Paul Millsap has lost a step, but he will battle. Jerami Grant and Torrey Craig are not afraid to mix it up with anyone. Gary Harris, god bless him, had a brutal year in which he battled injuries and looked like a shell of himself, but was fantastic as the Nuggets battled back in this series and competed like hell on the defensive end of the floor, while simultaneously hitting some shots that just did not fall for him during the regular season for one reason or another. The guys off the bench — Mason Plumlee, Monte Morris, Michael Porter Jr. — understand what they have to do when they step onto the floor.

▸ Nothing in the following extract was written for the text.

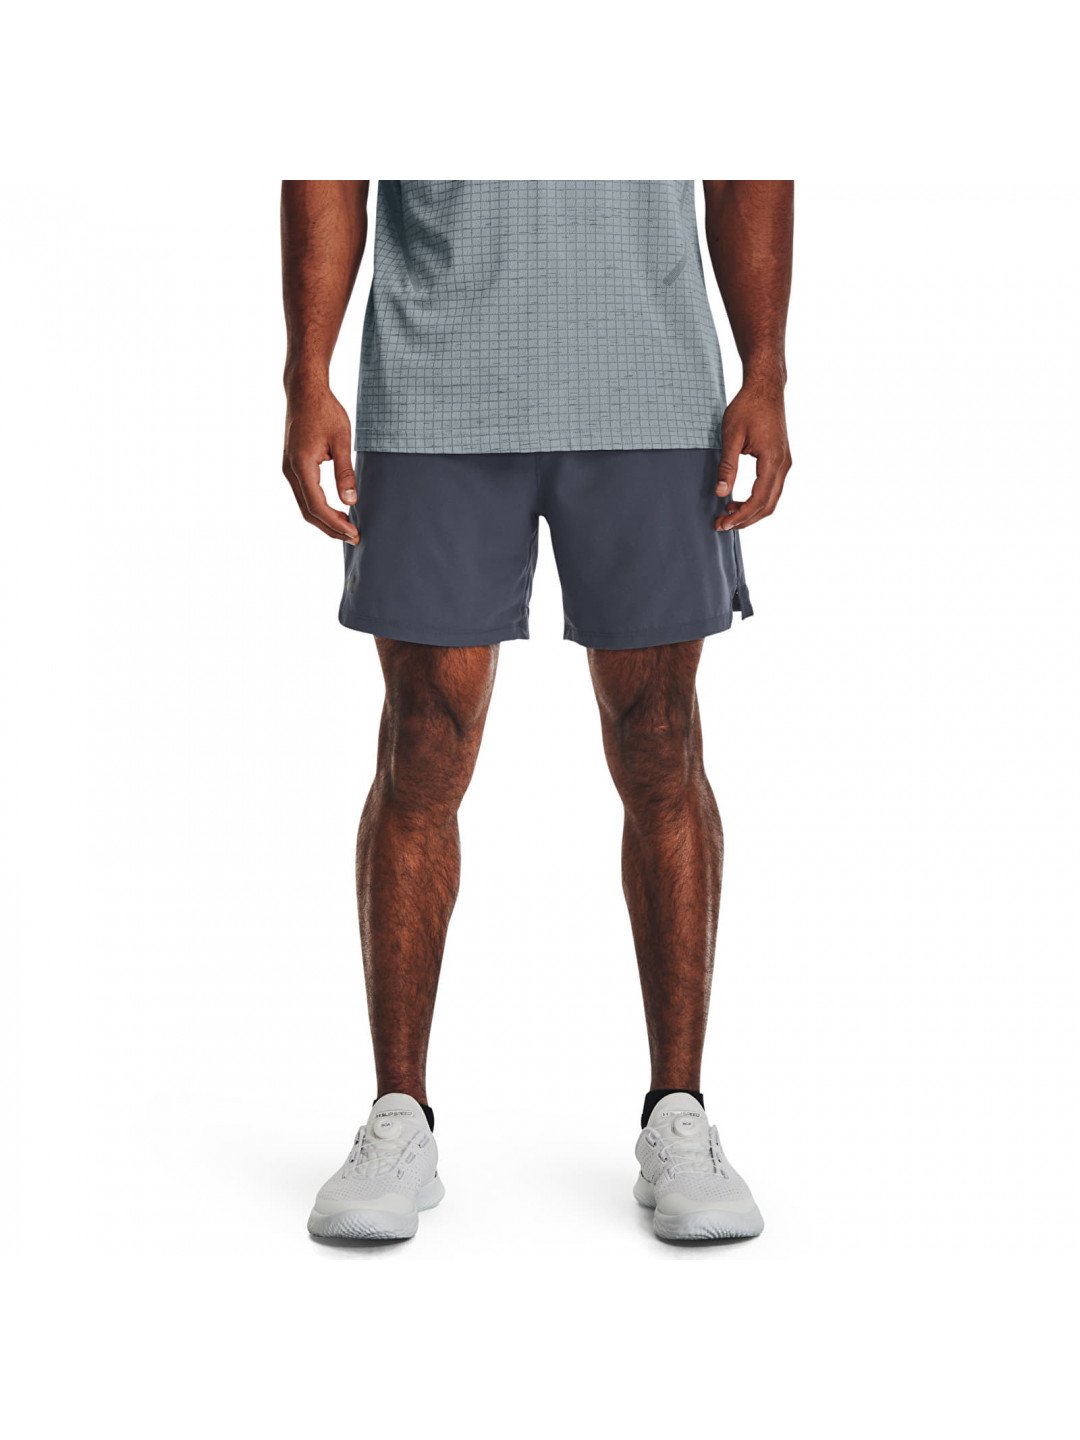 Under Armour Vanish Woven 6In Shorts Downpour Gray

Michael Malone absolutely deserves a ton of credit for what he has built. He has built a team that has this unshakable belief in itself and will not go down without a fight. As a result, this group has so much swagger right now, and even if the Lakers might be a better team on paper, it’s really hard to bet against them being able to put away this team. Denver is such a wonderful story, especially when you consider how close they came to making the conference finals last season. They got a chance to atone for that, and when that opportunity presented itself, they made the best of it.
3. The Clippers are in for one heck of an offseason
No team made a bigger splash last offseason than the Los Angeles Clippers. They pulled off an absolute monster deal, giving away basically every single thing that they could trade in order to acquire Paul George from the Oklahoma City Thunder. As a result, they were able to sign the biggest name in free agency, convincing Kawhi Leonard to come home to Los Angeles after winning a championship with the Toronto Raptors. Between those two, a team that was very good last year, a coach that knew how to win a title, and a front office that was willing to do whatever it took to lift the Larry O’Brien trophy, this team seemed preordained to make some serious noise in the postseason.

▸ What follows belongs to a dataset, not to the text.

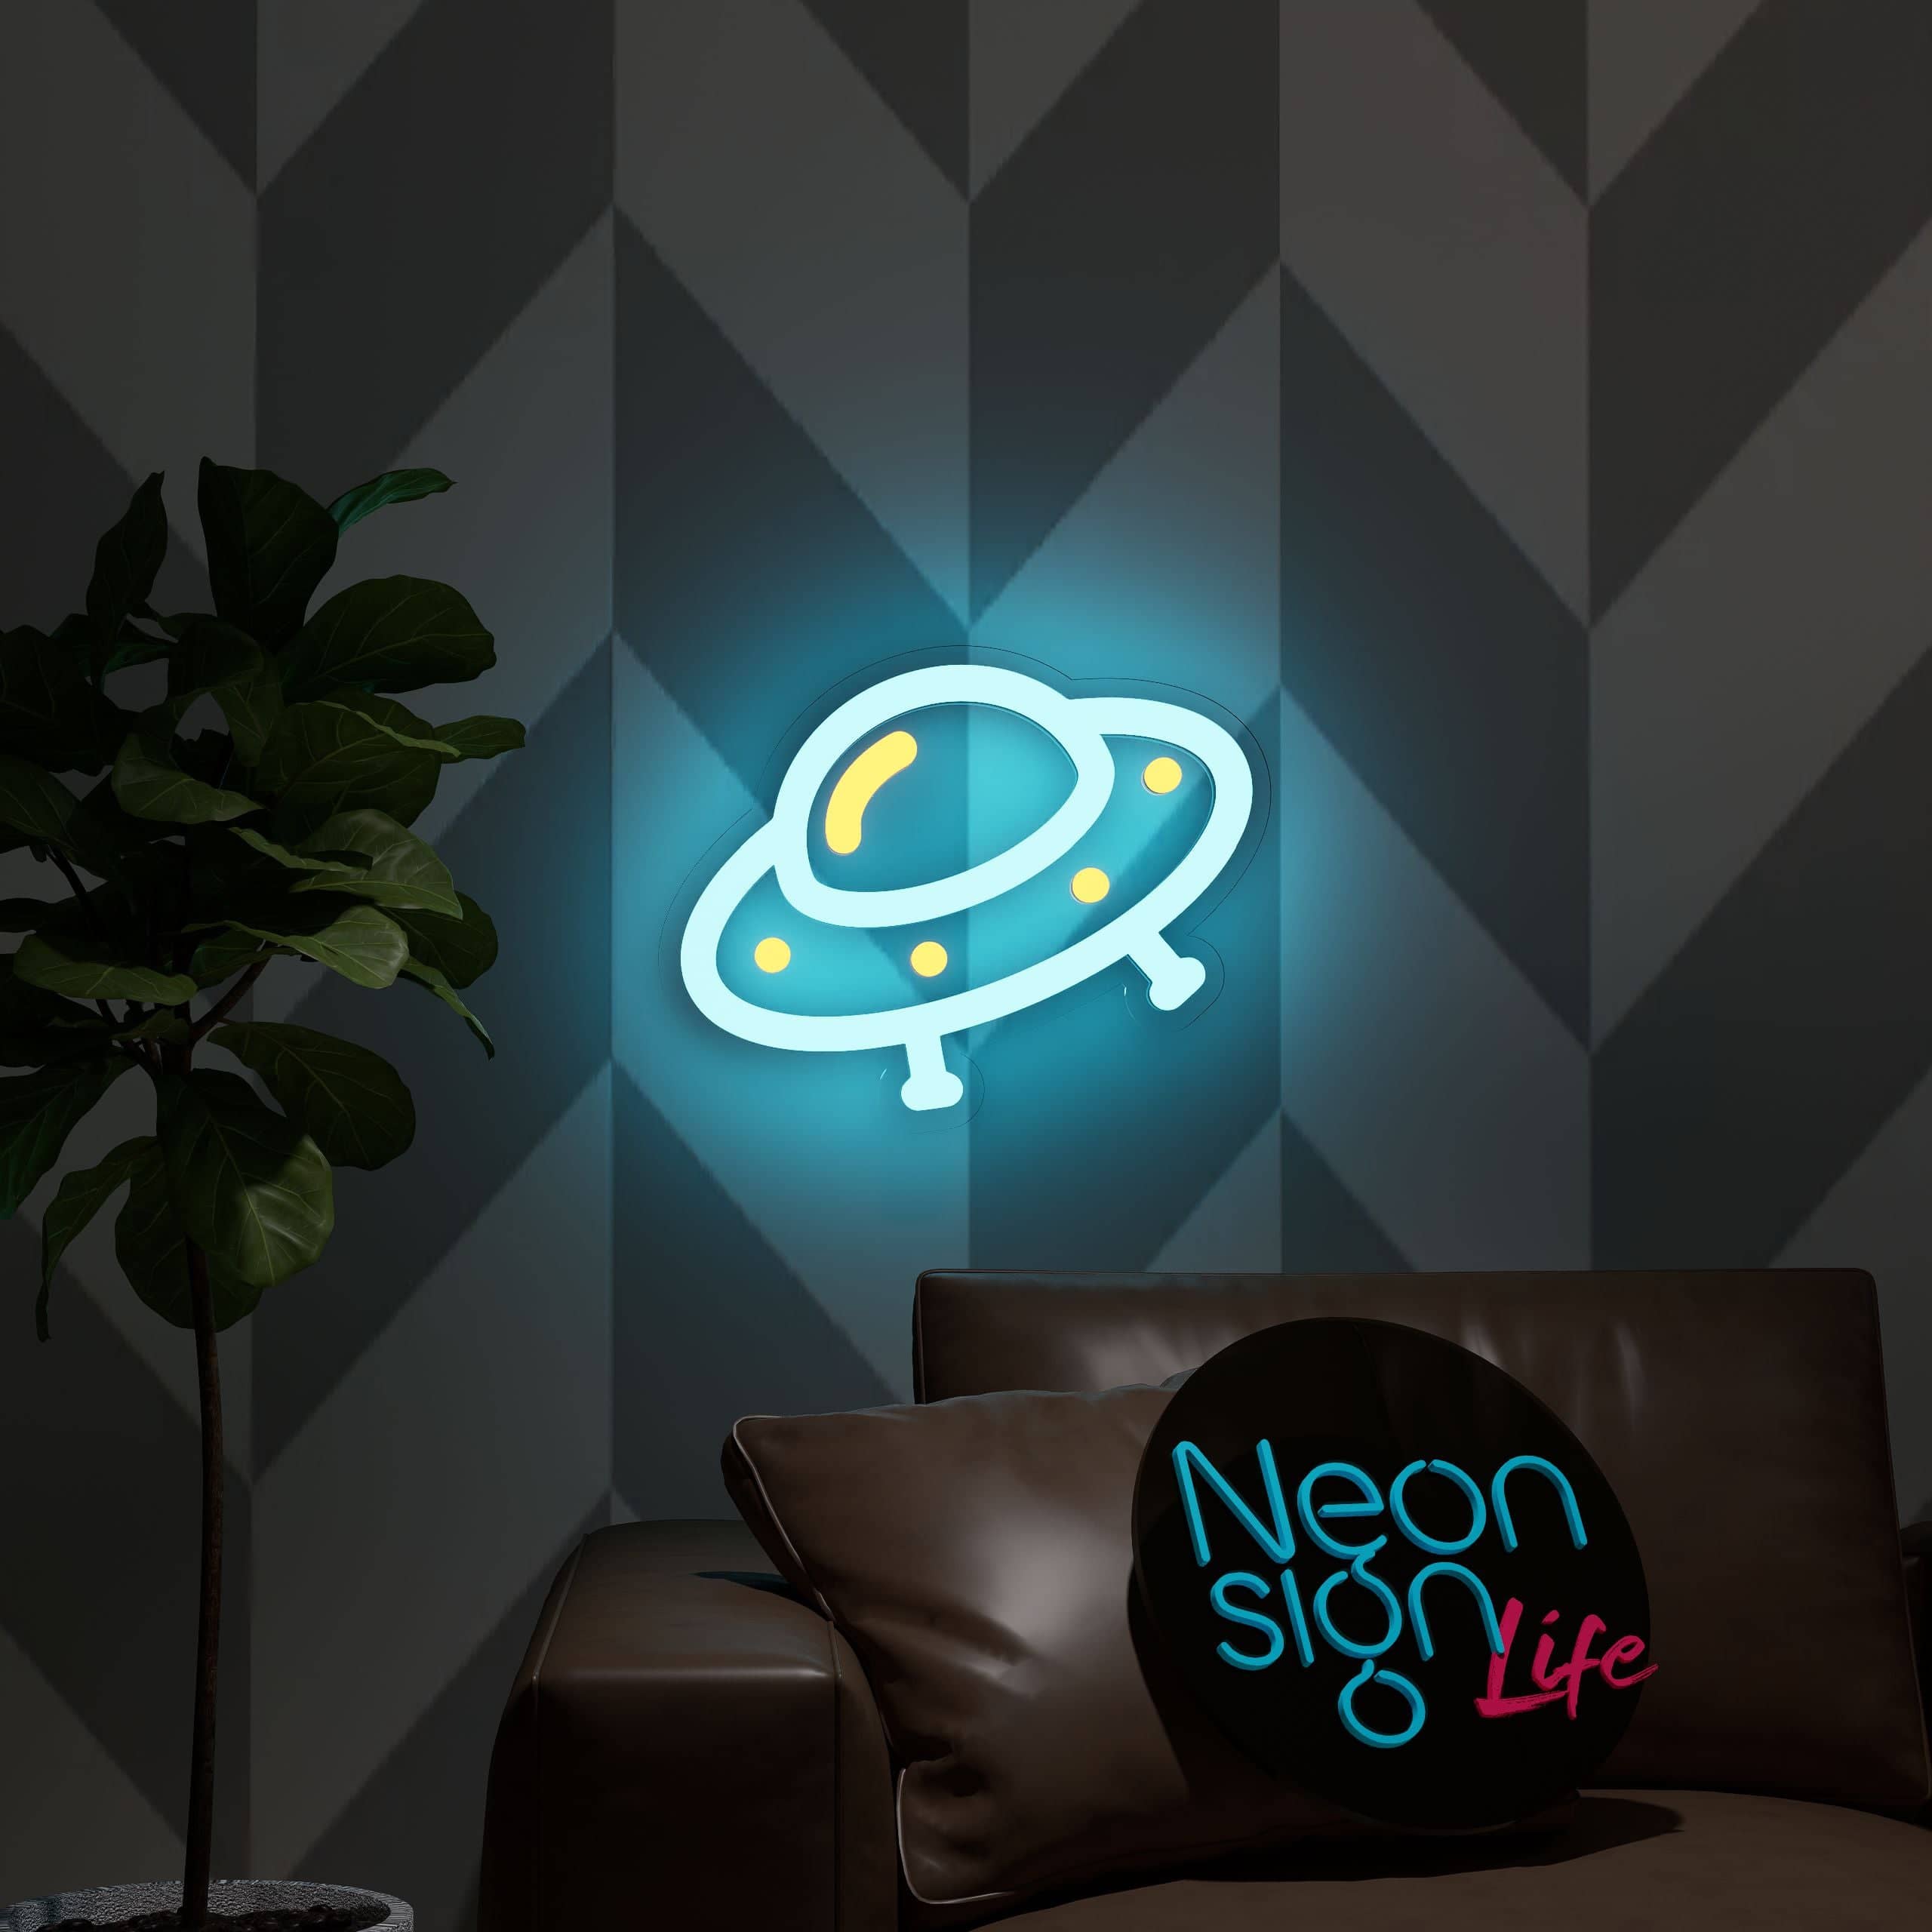 Neon kids sign shaped like a whimsical flying saucer

And then, they spent an entire season never quite looking like the team that they could be at their best. We saw plenty of glimpses of that, but we never quite saw enough to, in retrospect, justify thinking that this was the best team in basketball. They were capable of earning that distinction, they just never did it quite enough. As for their stars, you saw those numbers earlier in the post, but Leonard had 14 points on 6-for-22 shooting with six rebounds and six assists in Game 7, while George had 10 points and hit two of his 11 attempts from three.
The Clippers got punched in the mouth for three games in a row, and whenever their opponent threw that punch, they completely folded. Los Angeles has never made the conference finals, and despite this being perhaps the best opportunity to ever do that in franchise history, they came up short once again.

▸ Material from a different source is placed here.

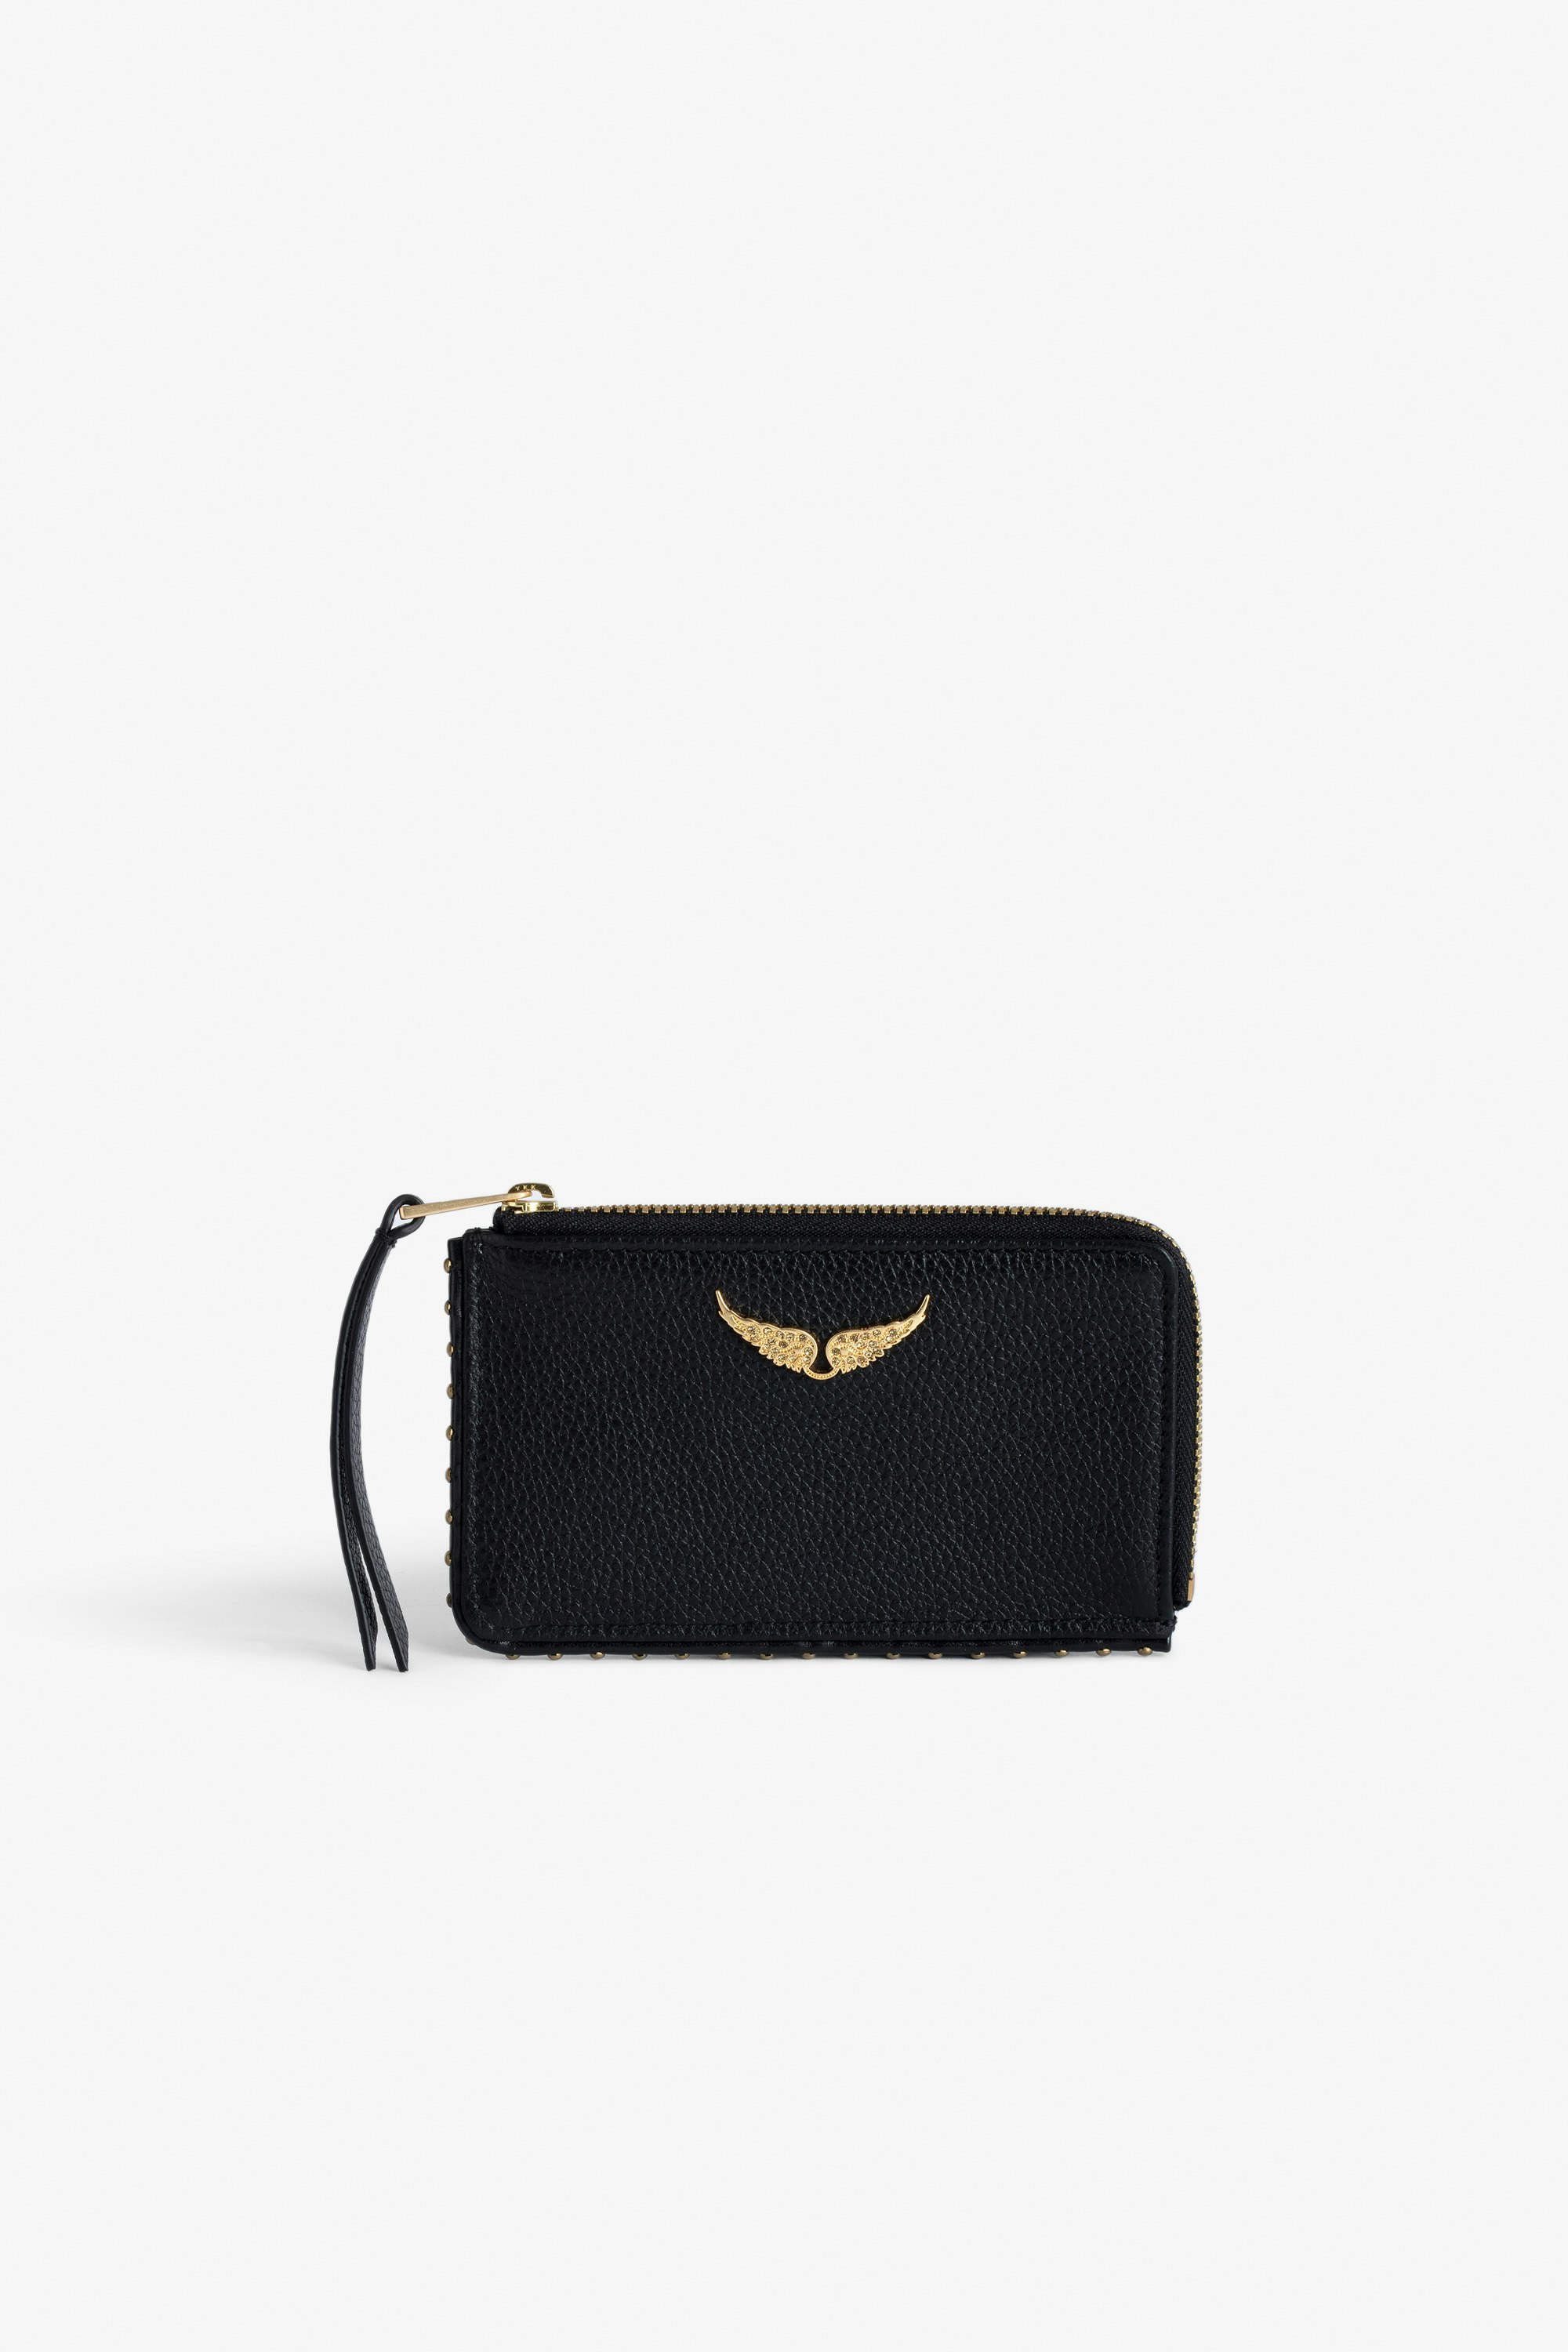 ZV Card 財布 Women’s black grained leather card holder with studded trim and wings charm.

I have no idea exactly what is going to happen next, but considering how high the expectations are from ownership on down in that organization, it seems like something has to go down. I don’t want to speculate on anyone’s job security, but Doc Rivers, for all the good he has done in that organization, might have to answer some questions after how this went. Montrezl Harrell — who was not all that good during the playoffs — is a free agent, as is Marcus Morris. Leonard and George, a pair that was supposed to get them to the promised land and were as guilty as anyone for their Game 7 collapse, both are free agents after next season.
It’s a weird time in L.A., and despite most teams having their eyes on the 2021 offseason, the Clippers are a team that seems ripe for doing something big before next year tips off.